* [Activity] For the material below, return exactly the lines starting at the line containing "Woman farmer showing" and ending at the line containing "GATE Exam Question", both ends included, and no others.

* [Exercise input]
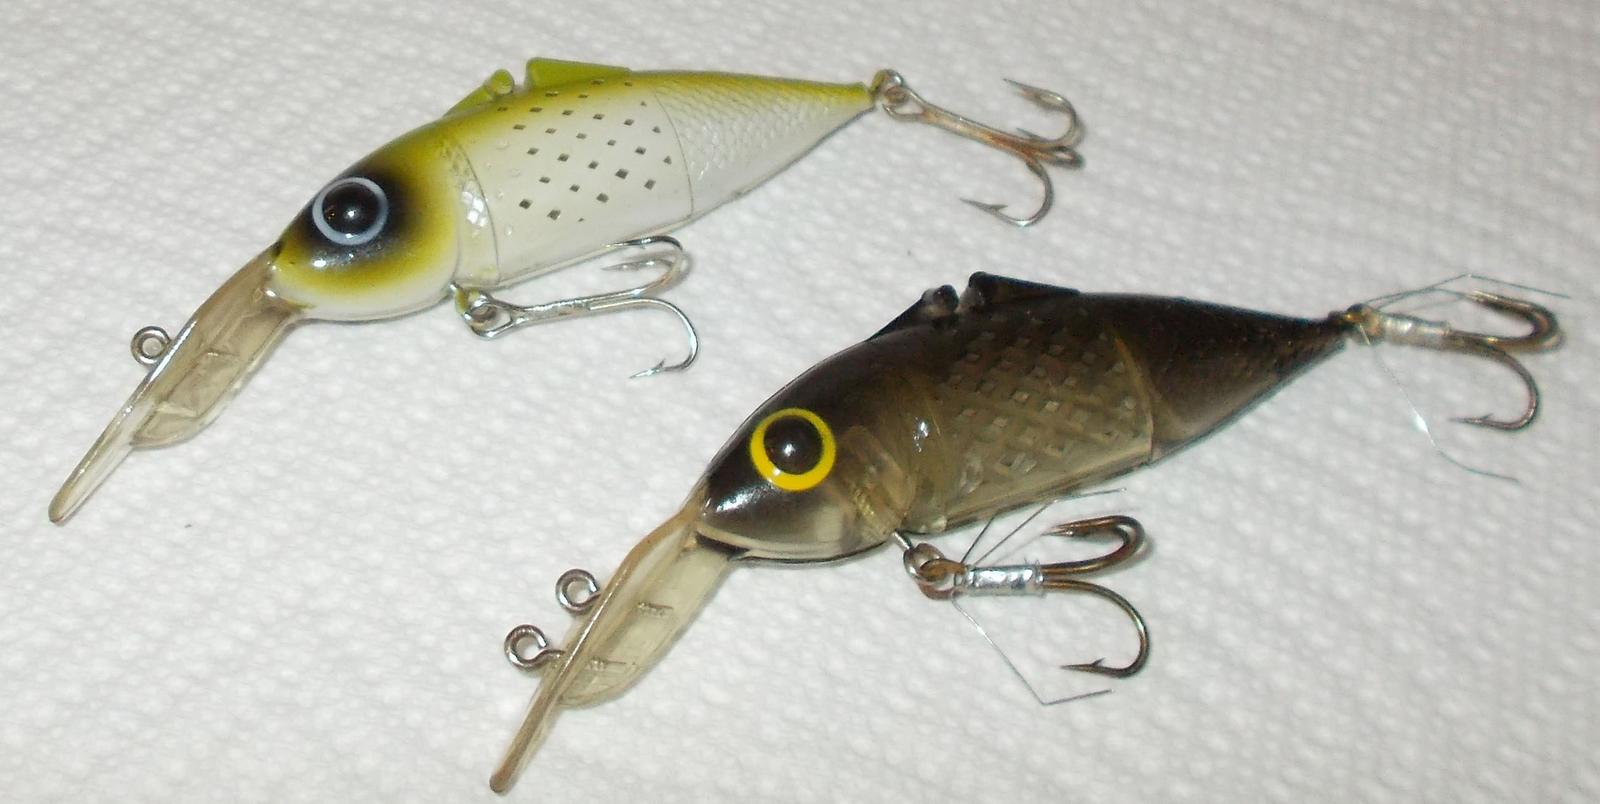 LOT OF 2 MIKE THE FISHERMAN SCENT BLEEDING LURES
--
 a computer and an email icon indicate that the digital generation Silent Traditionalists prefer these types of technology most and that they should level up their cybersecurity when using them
* * *
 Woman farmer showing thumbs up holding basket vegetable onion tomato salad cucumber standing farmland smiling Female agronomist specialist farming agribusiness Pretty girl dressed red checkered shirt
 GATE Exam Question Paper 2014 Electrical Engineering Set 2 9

* [Response to this exercise]
 Woman farmer showing thumbs up holding basket vegetable onion tomato salad cucumber standing farmland smiling Female agronomist specialist farming agribusiness Pretty girl dressed red checkered shirt
 GATE Exam Question Paper 2014 Electrical Engineering Set 2 9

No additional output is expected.